5.321578092199089 5.421979723989206


The following cell shows how the final predictions and MSE calculations will be made. 

In [29]:
#  We need to initialize a few variables
num = 0  #  Will be the numerator for the final prediction
j = 0  #  Used to access predictors
weight_sum = 0  #  Will be the denominator for the final prediction

while (j < len(weights)):
        num += weights[j]*predictions[j]  #  Numerator from first 'j' terms
        weight_sum += weights[j]          #  Denominator from first 'j' weights
        j+=1
        
#  After the while loop is finished, we'll have the components for our ensembled prediction
guess = num / weight_sum  #  Final predictions
mse = mean_squared_error(guess, Y_valid)  #  MSE for ensemble

print("Ensemble MSE:", mse)

Ensemble MSE: 5.3655418553187095


We will create a table for holding MSE's and algorithm runtimes.

In [30]:
table_1 = [["DecisionTree",0,0],["SVR",0,0],["kNN",0,0],["RandomForest",0,0],["Gradient",0,0]]
cols = ["Algorithm", "MSE", "Time"]
table_1 = pd.DataFrame(table_1, columns=cols)
print("MSE's and Times for ensembles of", 25, "predictors each.")
table_1

MSE's and Times for ensembles of 25 predictors each.

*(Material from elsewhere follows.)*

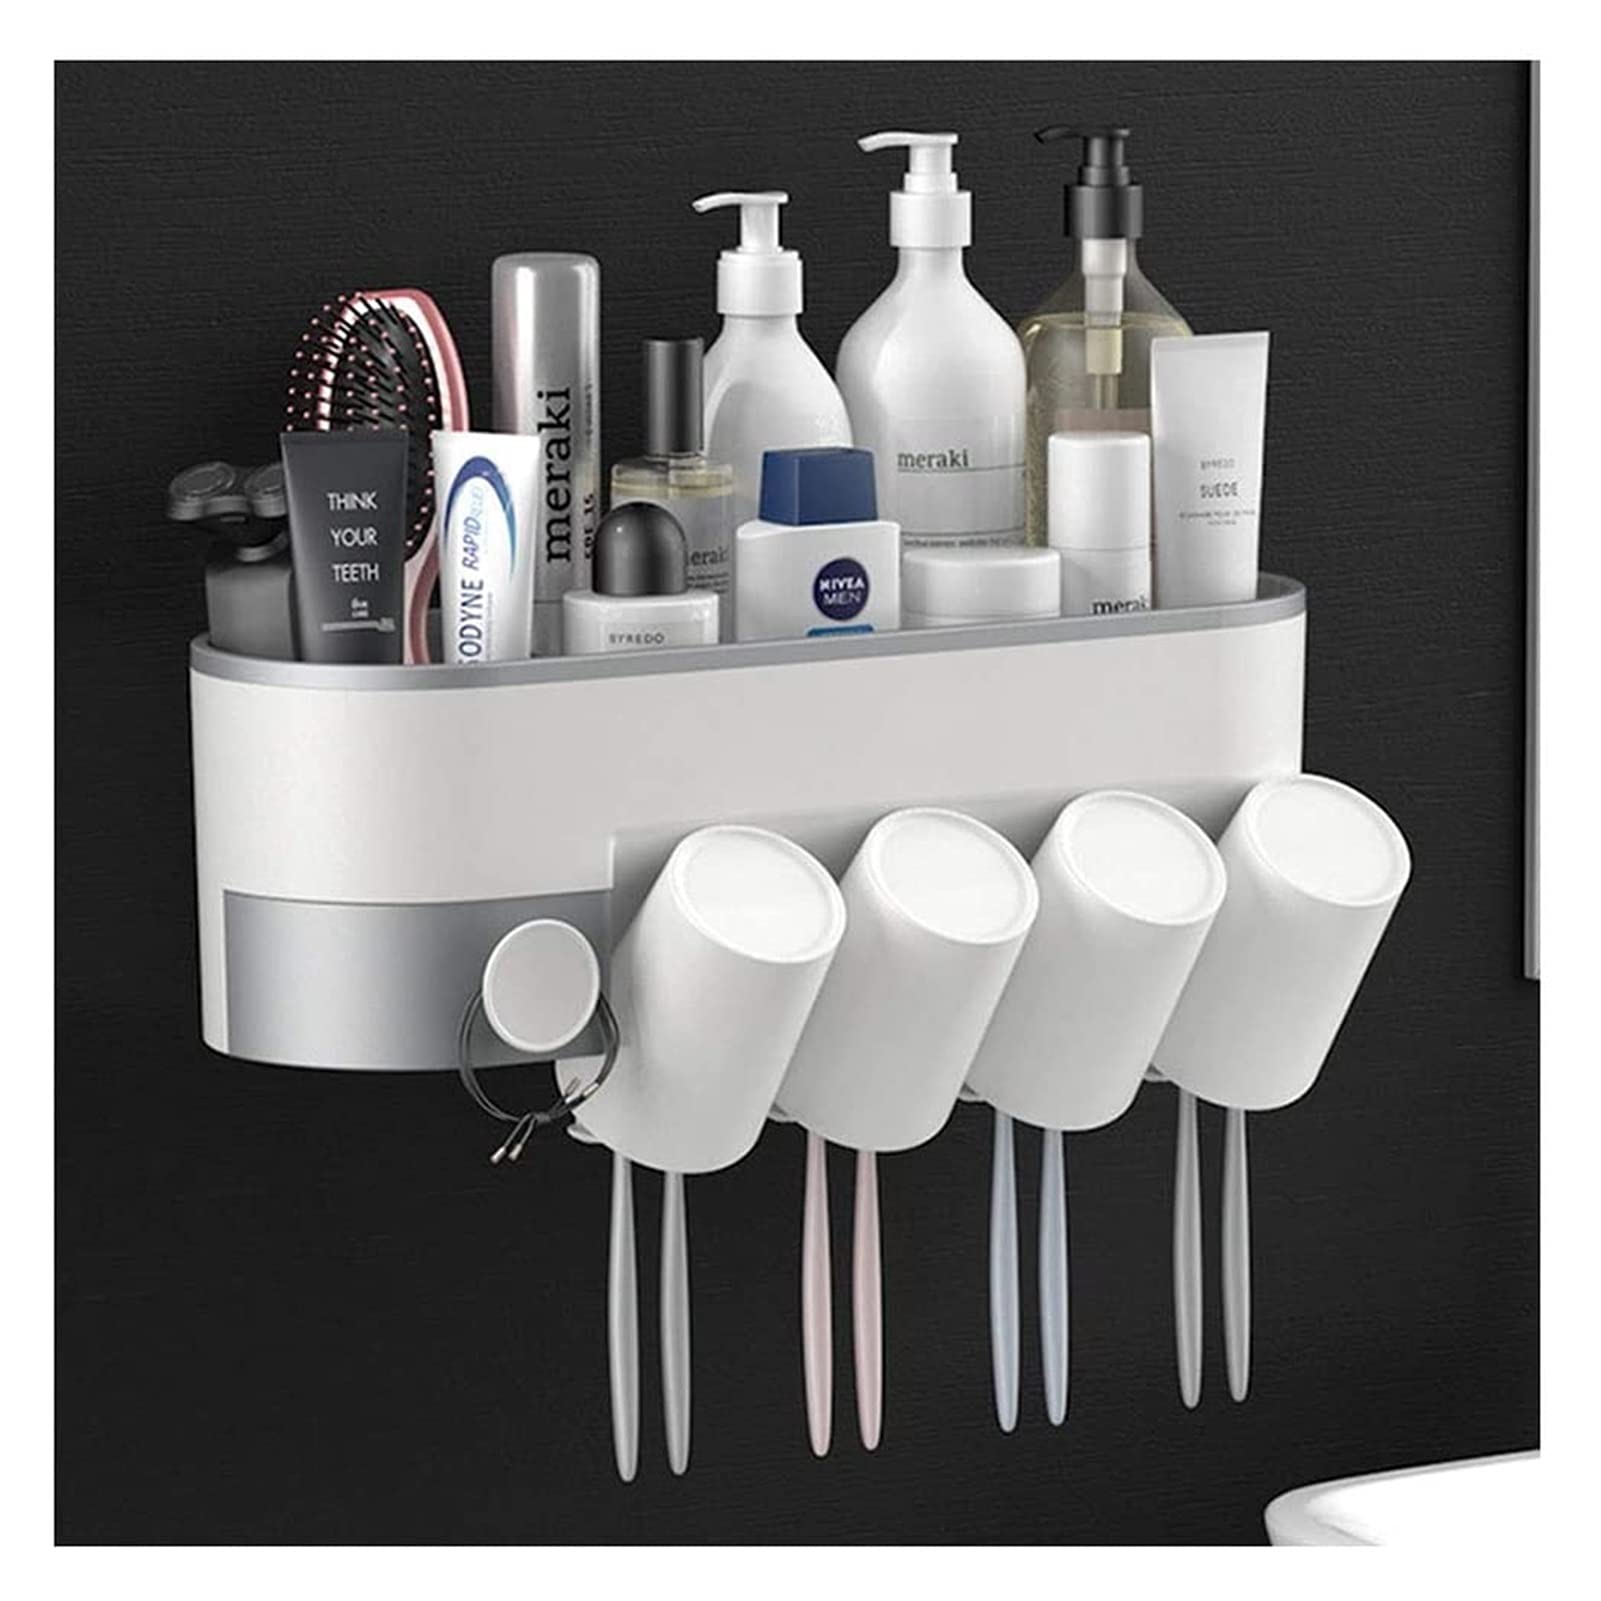 Automatic Toothpaste Dispenser, Squeezer and Toothbrush Holder ABS Wall Mounted Space Saving Toothbrush Organizer Magnetic Cups Organizer (Color : ...

Unnamed: 0,Algorithm,MSE,Time
0,DecisionTree,0,0
1,SVR,0,0
2,kNN,0,0
3,RandomForest,0,0
4,Gradient,0,0


The following cell is needed to avoid pages of deprecation warnings.

In [33]:
import warnings
warnings.simplefilter(action='ignore', category=FutureWarning) # setting ignore as a parameter and further adding category

## Comparing Ensemble Algorithms

We are finally ready to compare ensemble methods.  We run a loop to iterate through the homogeneous ensembles with base algorithms of decision trees, support vector regressors, and kNNs.  Following the loop, we run a random forest ensemble  and a gradient boosted ensemble to compare with.  In the first line of code, $n$ can be changed to adjust the number of predictors (or weak predictors) in each ensemble.  After the code is finished, a table will be presented with each respective ensemble's MSE and runtime.

In [34]:
# Change 'n' to desired number of predictors for each ensemble
n = 256

#  Here is the loop for iterating through the homogeneous ensembles
for i in range(0,3):
    
    #  Training
    t0 = time.time()
    weights, predictors = he.homog_ens(training, i, n)
    
    predictions = []
    for p in predictors:
        predictions.append(p.predict(X_valid))
    
    
    num = 0
    j = 0
    weight_sum = 0
    while (j < len(weights)):
        num += weights[j]*predictions[j]
        weight_sum += weights[j]
        j+=1
    
    guess = num / weight_sum
    
    t1 = time.time()        
        
    table_1.loc[i,"MSE"] = mean_squared_error(guess, Y_valid)
    table_1.loc[i,"Time"] = t1-t0

#  Here is the creation of the random forest
t0 = time.time()
train_set, test_set = he.split_train_test(training, 0.2)
X_vars = train_set.iloc[:,:-1]
X_labels = train_set.iloc[:,-1]
Y = X_labels.to_numpy()
X = X_vars.to_numpy()

rf = RandomForestClassifier(n_estimators=n, max_depth=5, max_features=None, bootstrap=False)
rf.fit(X, Y)
t1 = time.time()


table_1.loc[3,"MSE"] = mean_squared_error(rf.predict(X_valid), Y_valid)
table_1.loc[3,"Time"] = t1-t0

#  Here is the creation of the gradient boosted ensemble
t0 = time.time()
train_set, test_set = he.split_train_test(training, 0.2)
X_vars = train_set.iloc[:,:-1]
X_labels = train_set.iloc[:,-1]
Y = X_labels.to_numpy()
X = X_vars.to_numpy()

gb = GradientBoostingClassifier(n_estimators=n)
gb.fit(X, Y)
t1 = time.time()


table_1.loc[4,"MSE"] = mean_squared_error(gb.predict(X_valid), Y_valid)
table_1.loc[4,"Time"] = t1-t0

print("\nMSE's and Times for ensembles of", n, "predictors each")
table_1


MSE's and Times for ensembles of 256 predictors each


Unnamed: 0,Algorithm,MSE,Time
0,DecisionTree,6.169857,2.215339
1,SVR,5.384239,212.035558
2,kNN,6.394593,14.100879
3,RandomForest,7.221823,1.801786
4,Gradient,6.833333,29.39364


## Addressing a Peculiarity

You may have noticed the MSE for the DecisionTree based ensemble is significantly smaller than for the RandomForest.  While  random forests are ensembles of decision trees, these trees use random splits when training.  The DecisionTree in Python uses the "best" splitter by default.  If the "splitter" parameter is changed in the DecisionTree classifier call, we get comparable results with the RandomForest edging the DecisionTree ensemble slighty.